I look around. I'm on a small lawn, sprinkled with flowers of every color and type. Just a little further from me there's a bubbling brook, beyond which the forest begins. I see lots of little hills in the distance. There are many other gleaming little houses. The sky is astoundingly bright.

Something attracts my curiosity in the soft shadow of a house near me. The sun is shining right at me. There shouldn't be a shadow pointing towards the star. I turn around. Behind me I see three other suns, one similar to the first, the other two much smaller.

I have no idea where I am. But this is definitely not Earth.

5

 

“We need to get moving. Unfortunately we couldn't land closer to the Palace. We still have a little ways to go here. Enondil should be here any minute.”

I'm still on the ground, admiring the enchanting landscape that spreads out before my eyes.

Irene talks to me from inside the bedroom. I think she's doing something in the closet, which is shining with a thousand colors of light.

“What is this house, Irene?”

“It's my house. You knew that, right?”

“Yes, sure, but usually women's houses don't serve as means of transport between a forest and another planet.”

“In fact it took a lot of time to prepare this transport. We've spent decades scanning thousands of planets looking for you and, once we found you, the operation took years to prepare.”

“The operation? What kind of...?”

“Here's Enondil. Come on, let's go, we don't have a moment to waste.”

I turn around and see a man inside of a gigantic bubble coming towards me, full speed ahead. The man is comfortably lying on a couch created from the same material as the bubble and suspended in the middle of it. When he's just a few yards away, I recognize him and instinctively get up to run and hide.

“No, no Antelmo, don't run away. It's Enondil. He'll come with us.”

“Enondil? It's the policeman who wanted to shoot me!” I protest, rather exasperated.

Enondil jumps down from the bubble and heads towards me.

“He still doesn't remember anything?” he asks, turning towards Irene.

“No, nothing. Less than nothing. Cloradil knew what she was doing,” Irene answers.

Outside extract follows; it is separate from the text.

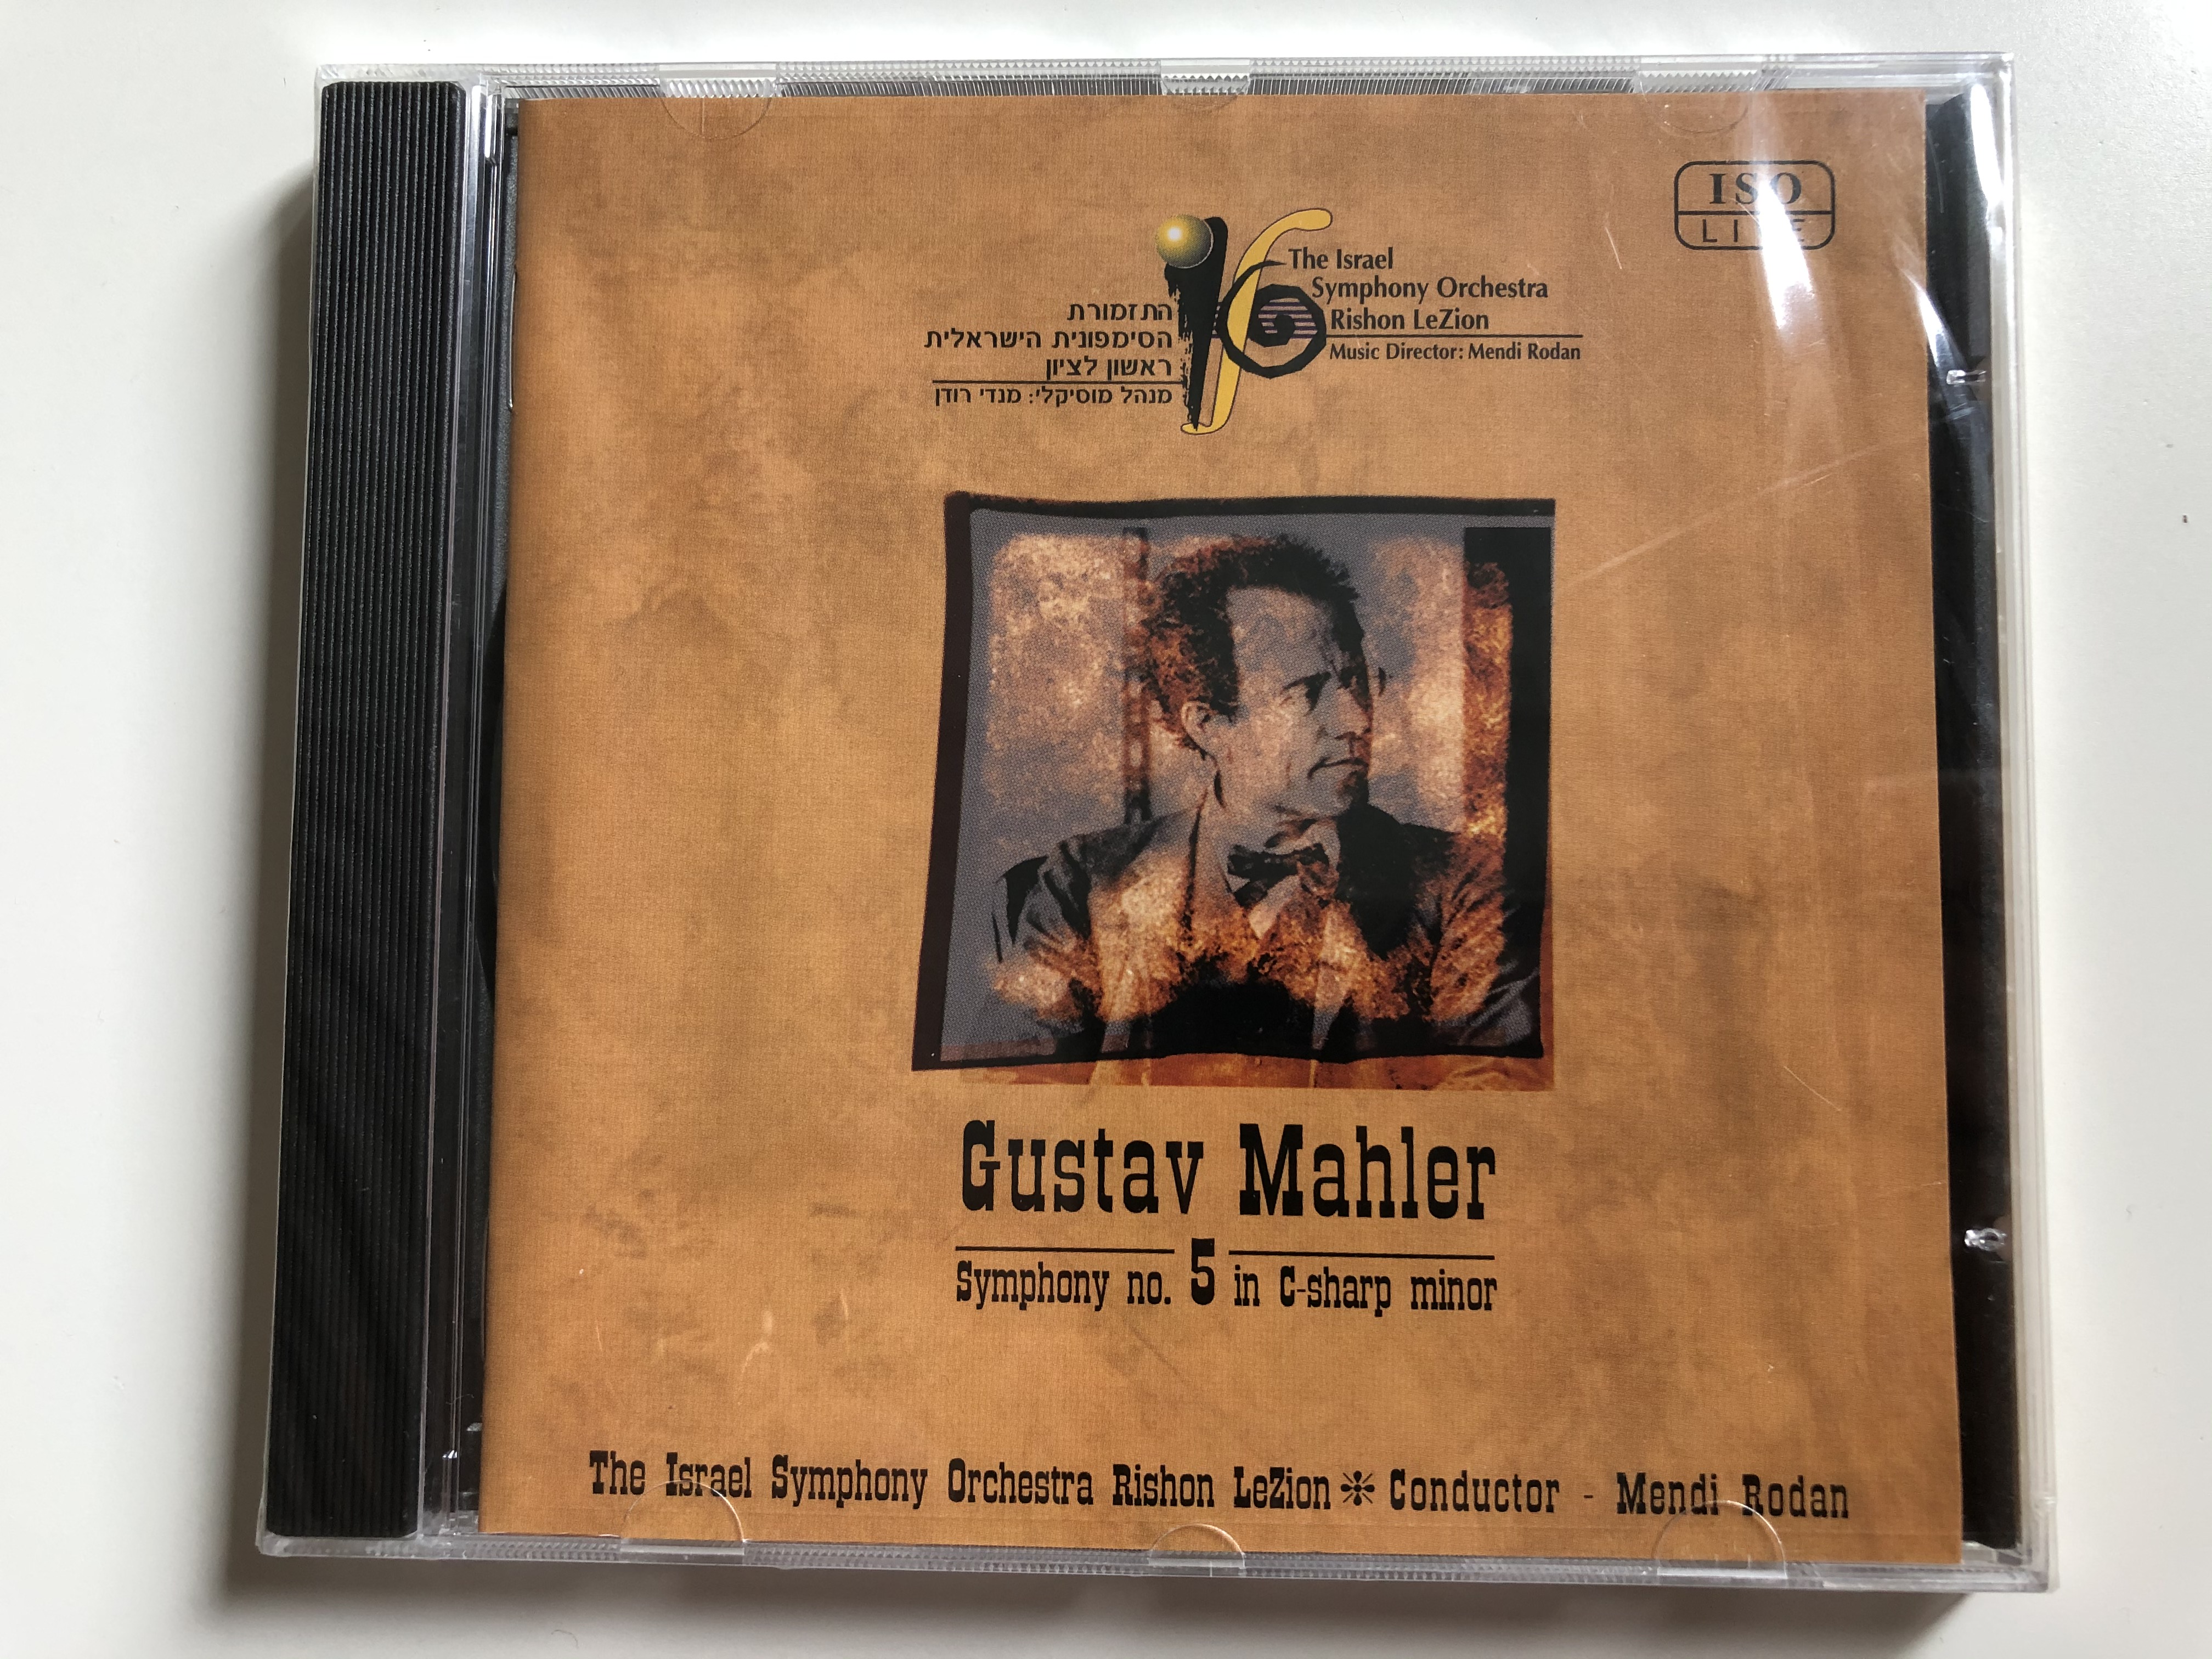 gustav-mahler-symphony-no.-5-in-c-sharp-minor-the-israel-symphony-orchestra-rishon-lezion-conductor-mendi-rodan-iso-live-audio-cd-2000-2000-3-1-.jpg

“Cloradil, you mean Anna, my wife. Where is she? Is she coming with us too? When can I see her?”

Irene and Enondil exchange a knowing smile.

Enondil says: “Let's leave now, or we could be too late. Come on,” he continues, turning towards me.

We enter the strange bubble. Our bodies pass through the walls, as if they were only made of light. The sofa, on the other hand, is elastic and bears our weight. The bubble rises into the sky.

“What is this...vehicle? How did you build it?” I ask.

Irene smiles: “We didn't build it. We manifested it.”

“Another illusion?” I ask, not very convinced.


Ois midal musri gan
,” Enondil recites.

The bubble becomes a pyramid and the walls take on a light blue glow.

“The bubble is better, a little more aerodynamic, but the pyramid will work,” Irene explains.

An immense noise rips through the air. We instinctively bring our hands up to our ears and look towards where the deafening noise is coming from.

“It's her. Bring Antelmo to safety. I'm going to...” Irene says.

I don't hear the end of her sentence. A beam of dim light, from a point in the sky above us, shines towards us and pushes me down.

Falling from this height, impact with the ground will surely kill me. It's over. Instead I find myself in the water of the bubbling brook I saw in front of Irene's house.

The beam disappears. I try to go up to the surface. A powerful force magnetizes me downwards. I look down to find out what it is. I see that a luminous surface has opened between two rocks. It seems as if the magnetizing force is coming from there.